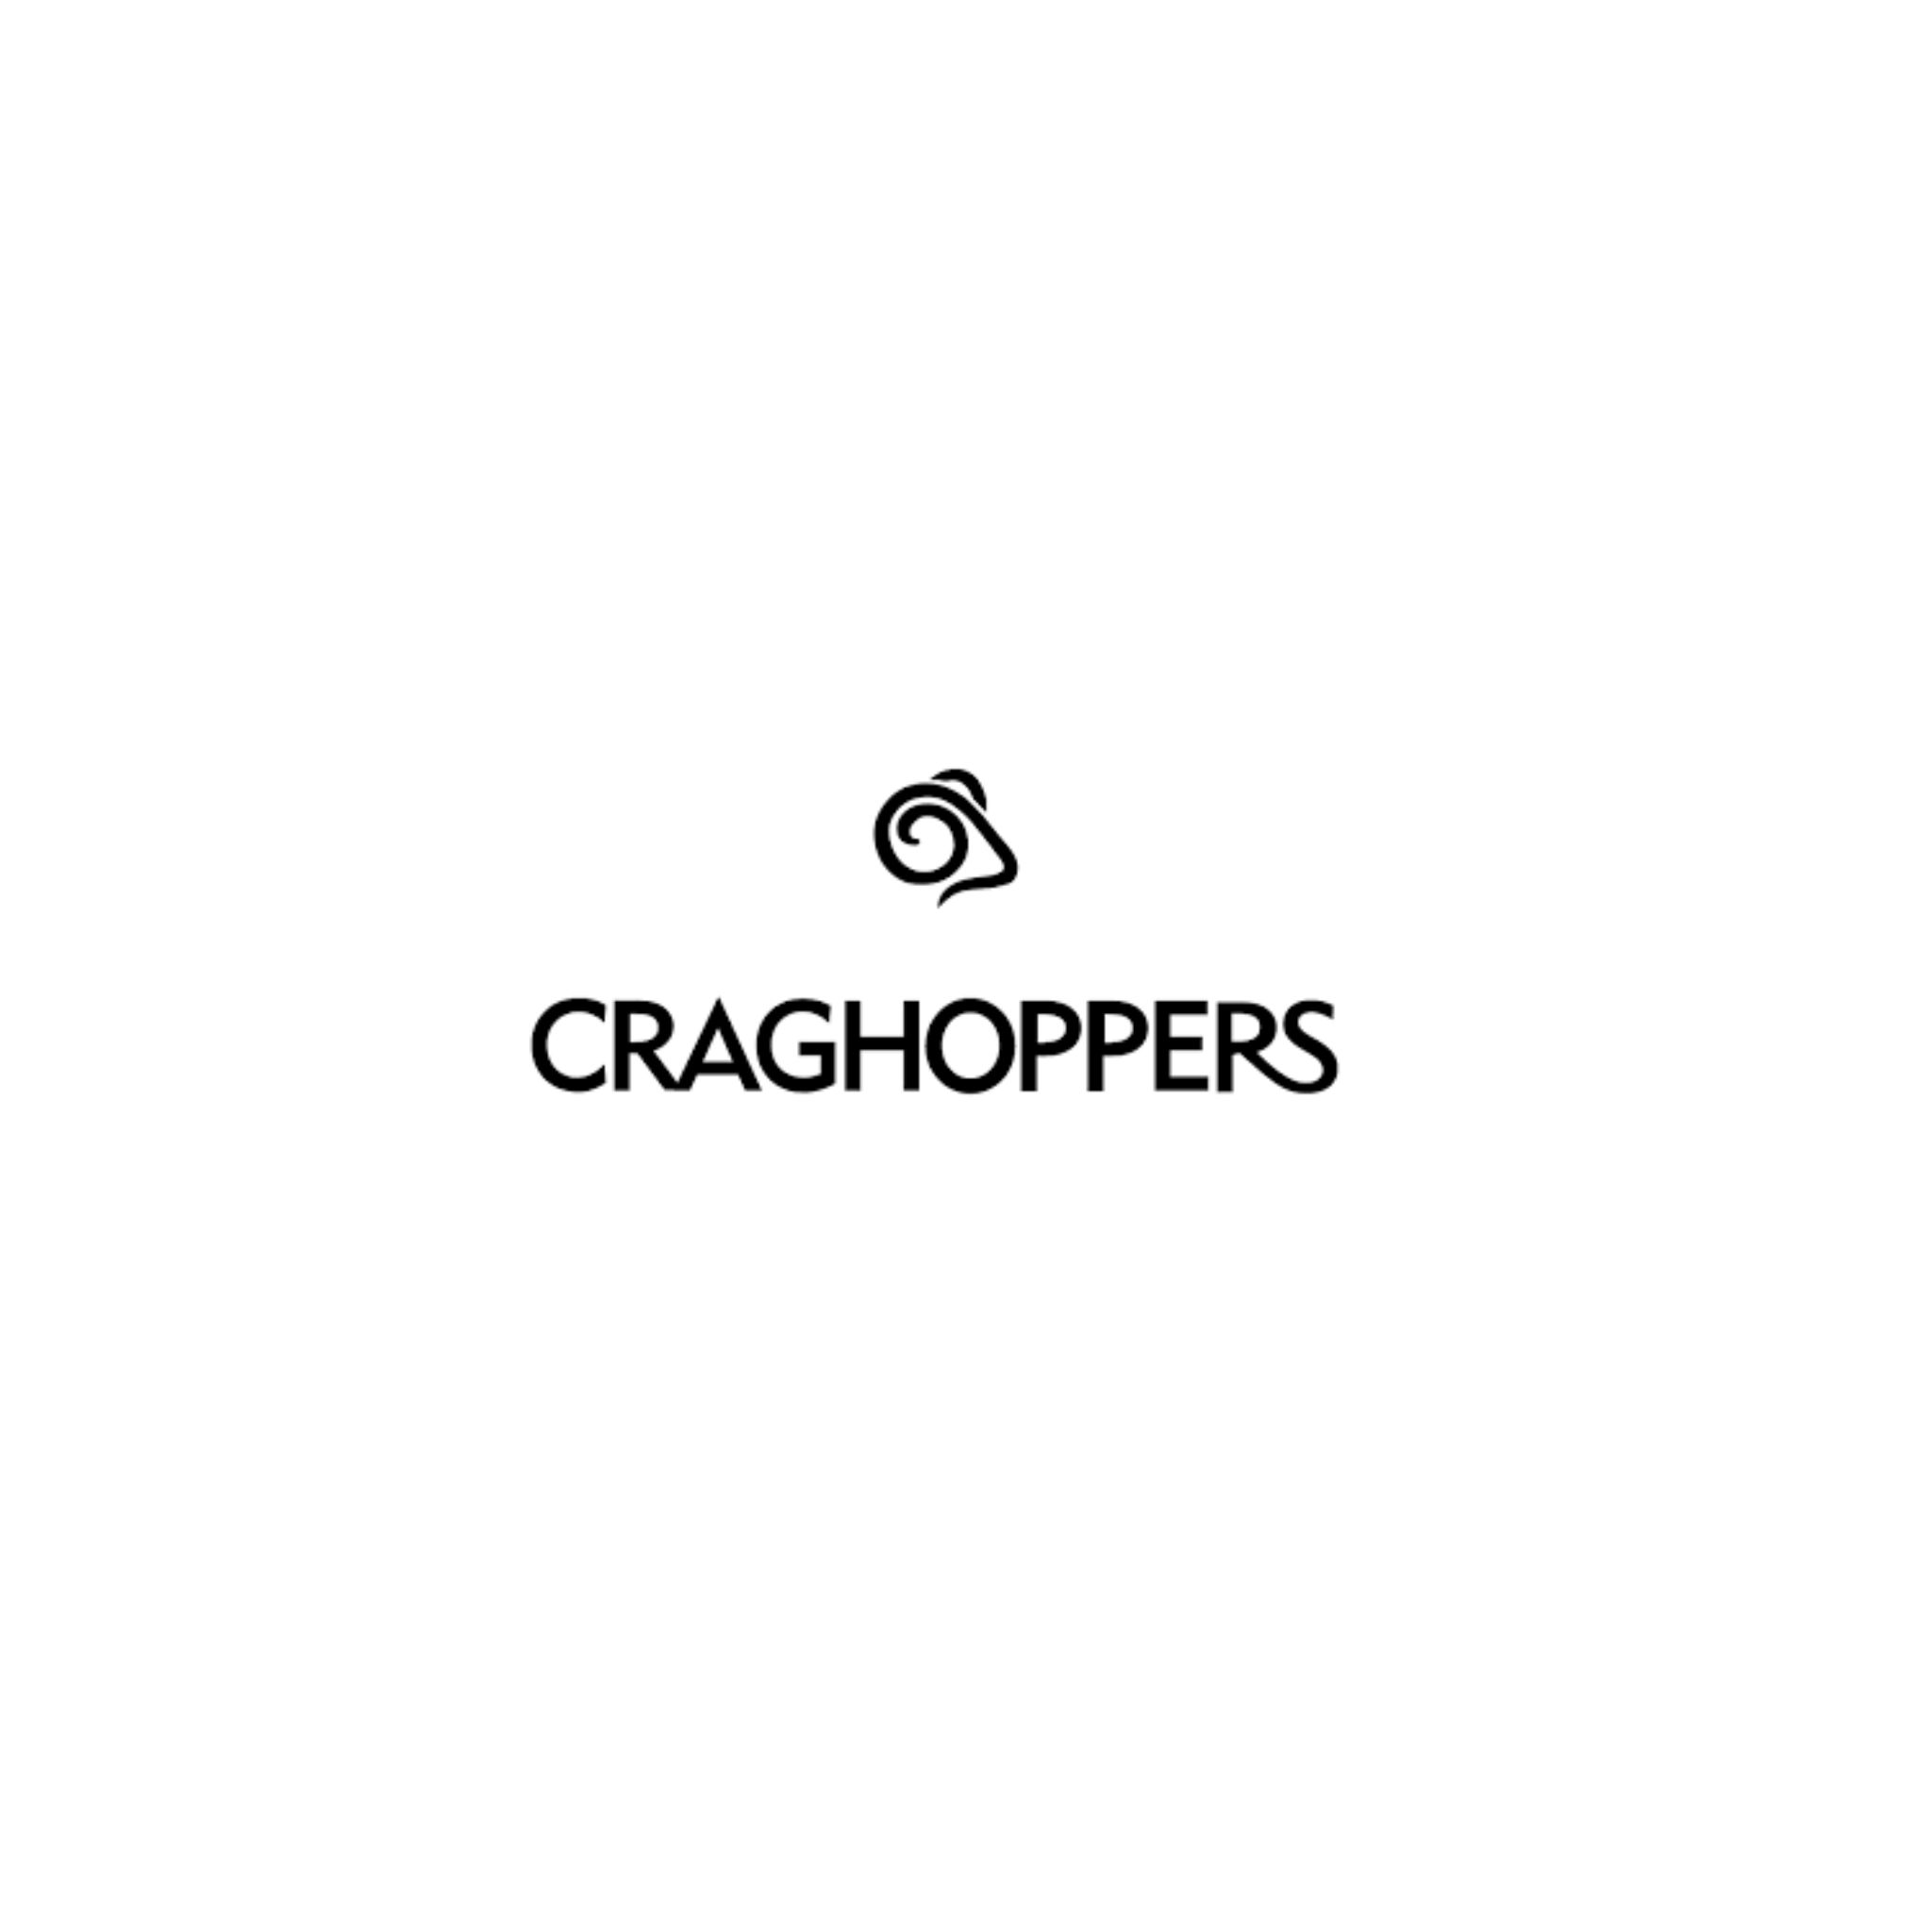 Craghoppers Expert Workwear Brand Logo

■ ■ ■ ■ ■ ■ ■

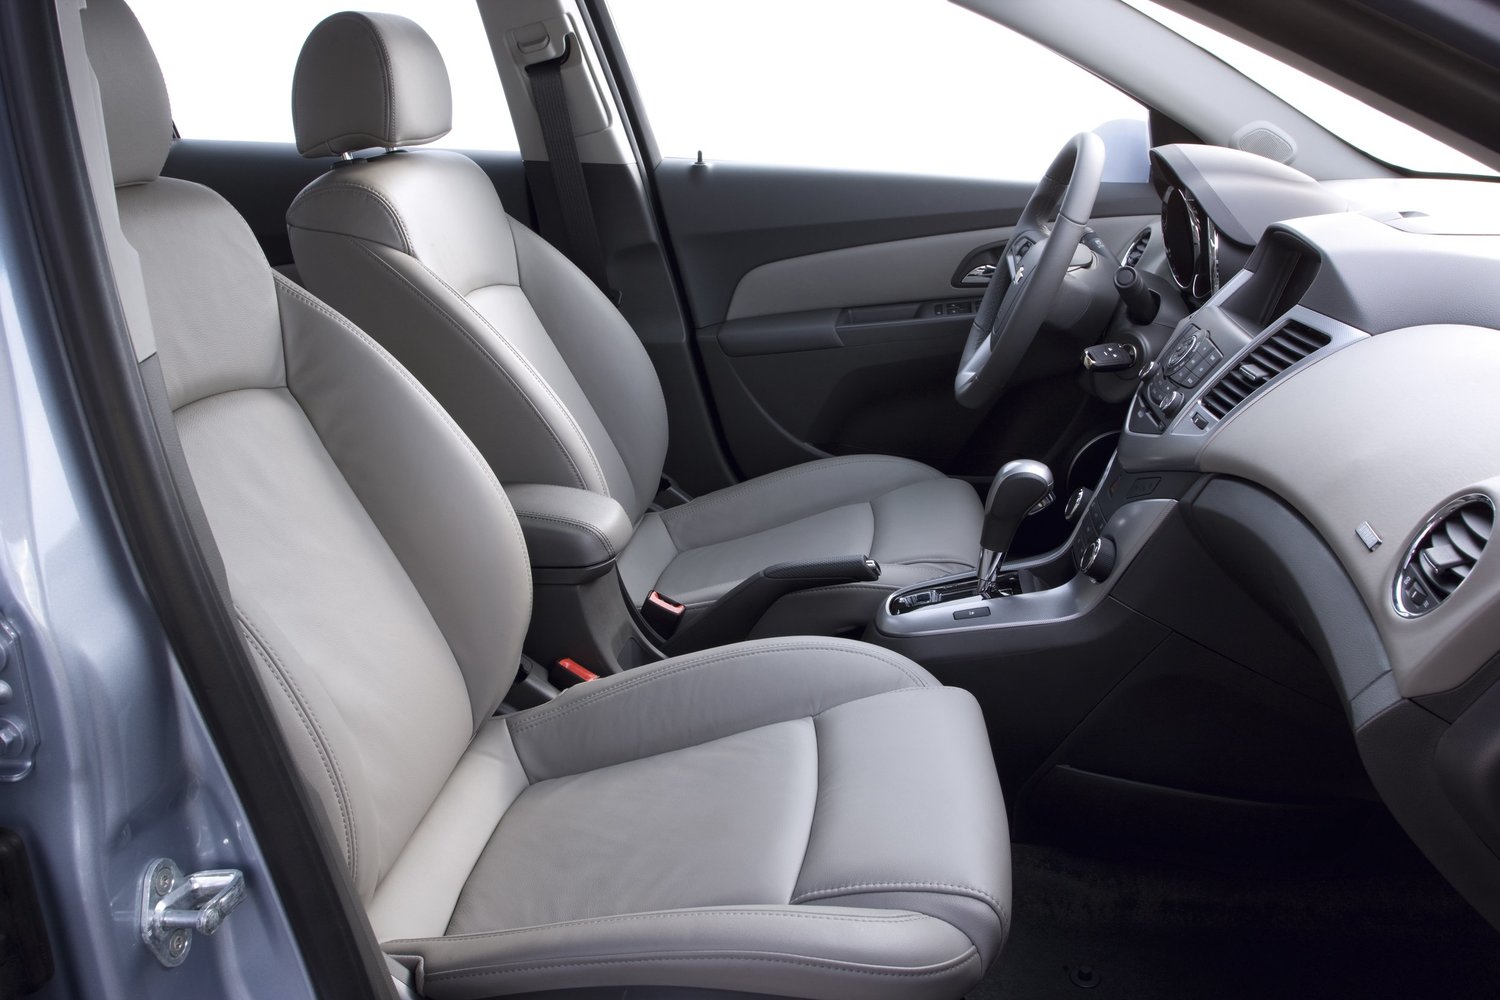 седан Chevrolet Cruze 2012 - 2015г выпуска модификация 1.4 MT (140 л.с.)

■ ■ ■ ■ ■ ■ ■

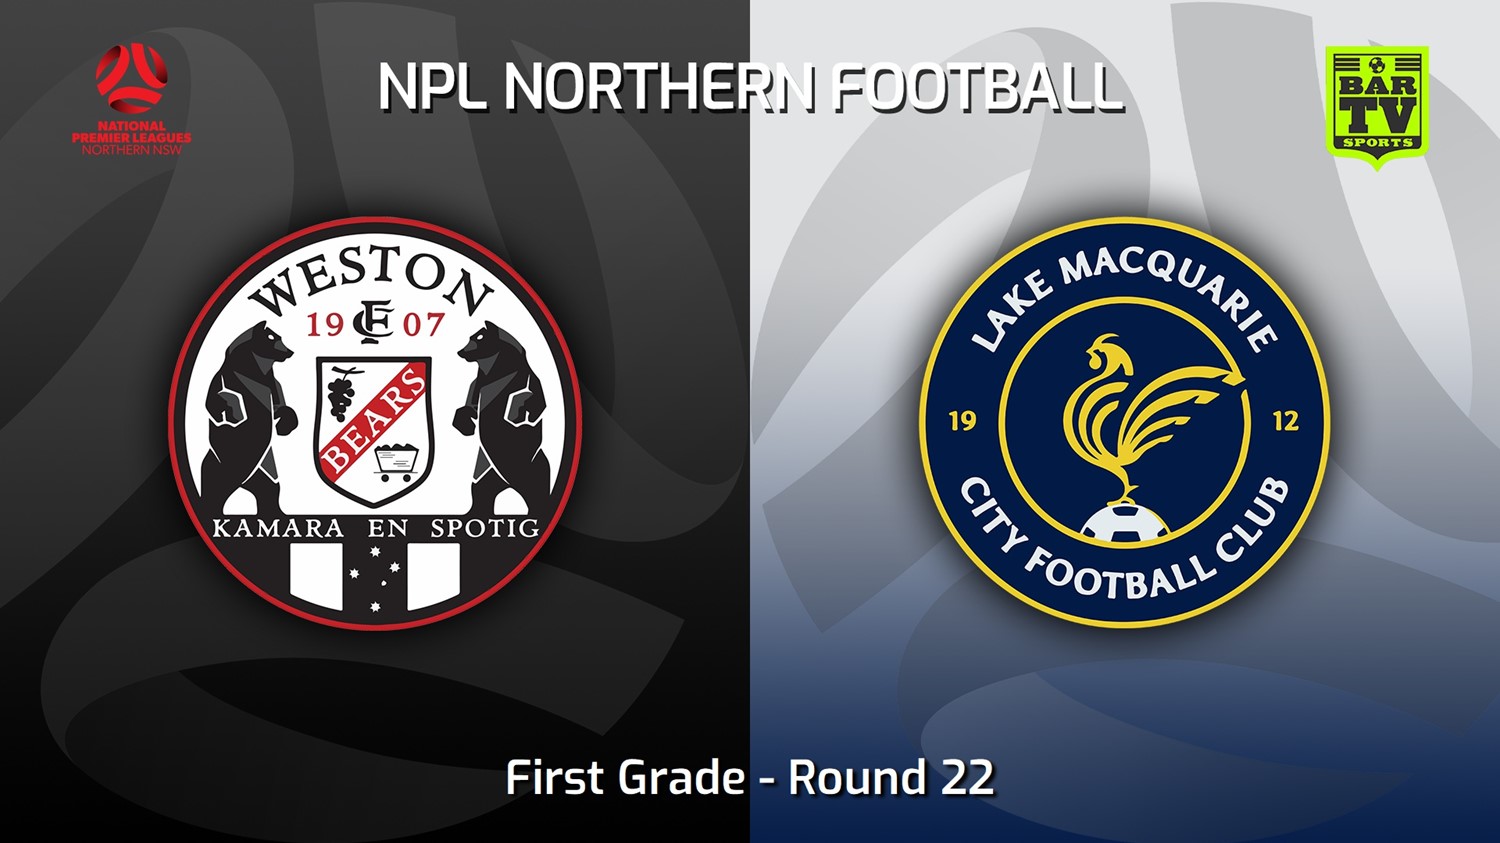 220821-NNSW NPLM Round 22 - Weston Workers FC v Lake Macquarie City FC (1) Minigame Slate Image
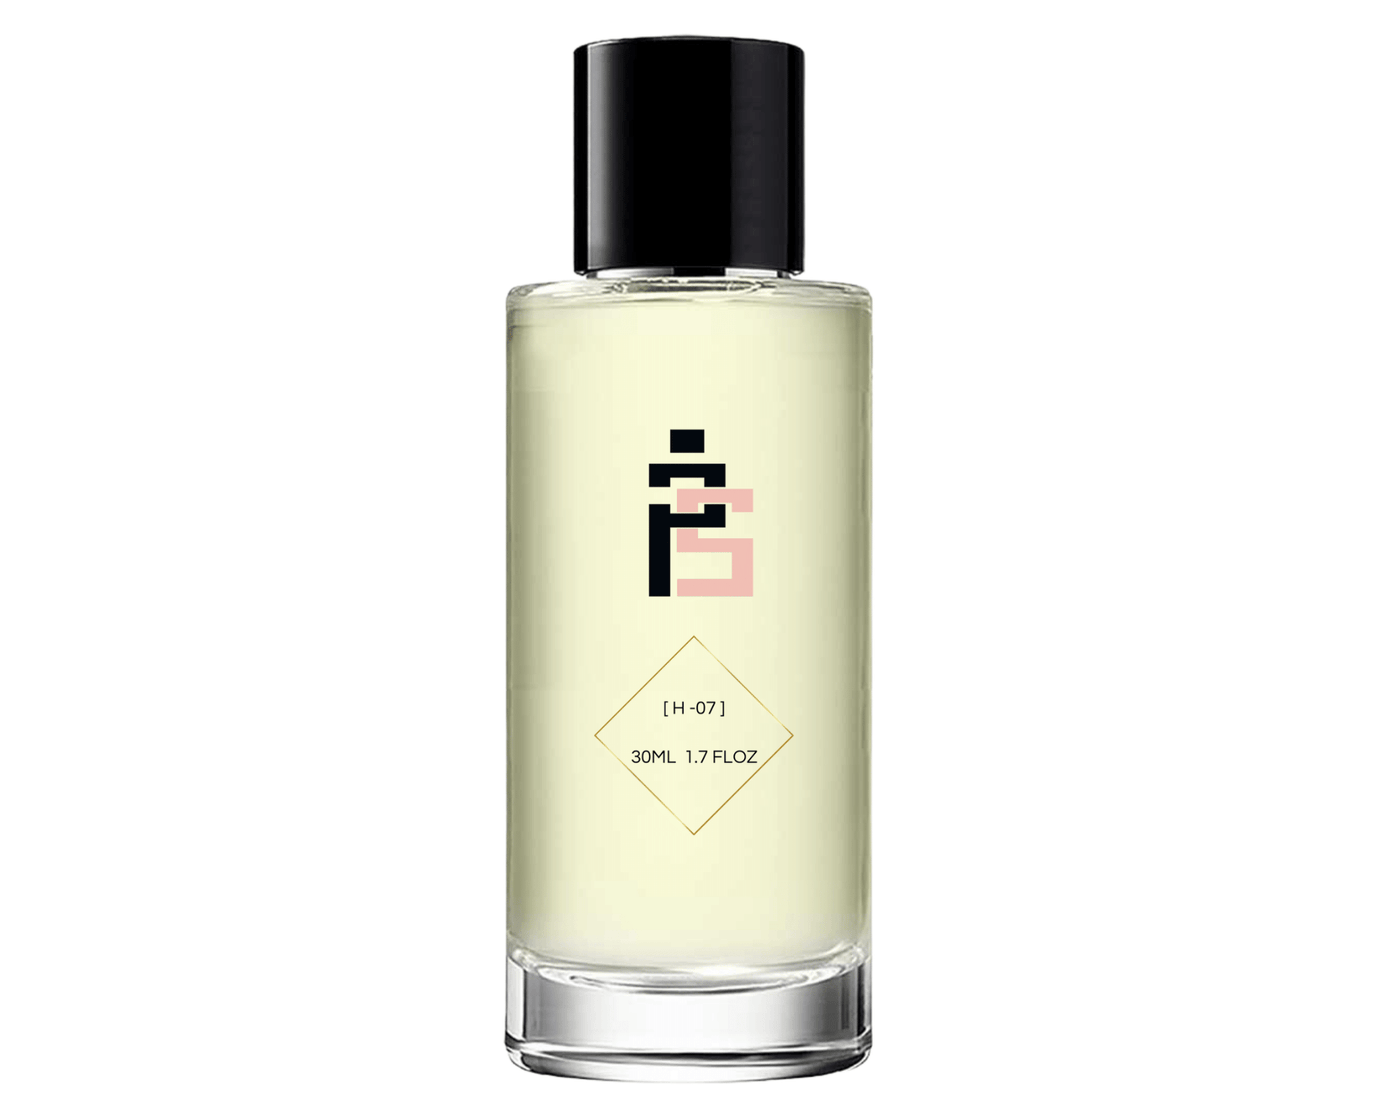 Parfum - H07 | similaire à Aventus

■ ■ ■ ■ ■ ■ ■

WHAT TO DO: The result should be an exact copy of only the lines above from the one that holds "220821-NNSW NPLM Round" through the one that holds "Parfum - H07 | similaire à Aventus", both ends included, without pictures.

ANSWER TO THIS TASK:
 220821-NNSW NPLM Round 22 - Weston Workers FC v Lake Macquarie City FC (1) Minigame Slate Image
 Parfum - H07 | similaire à Aventus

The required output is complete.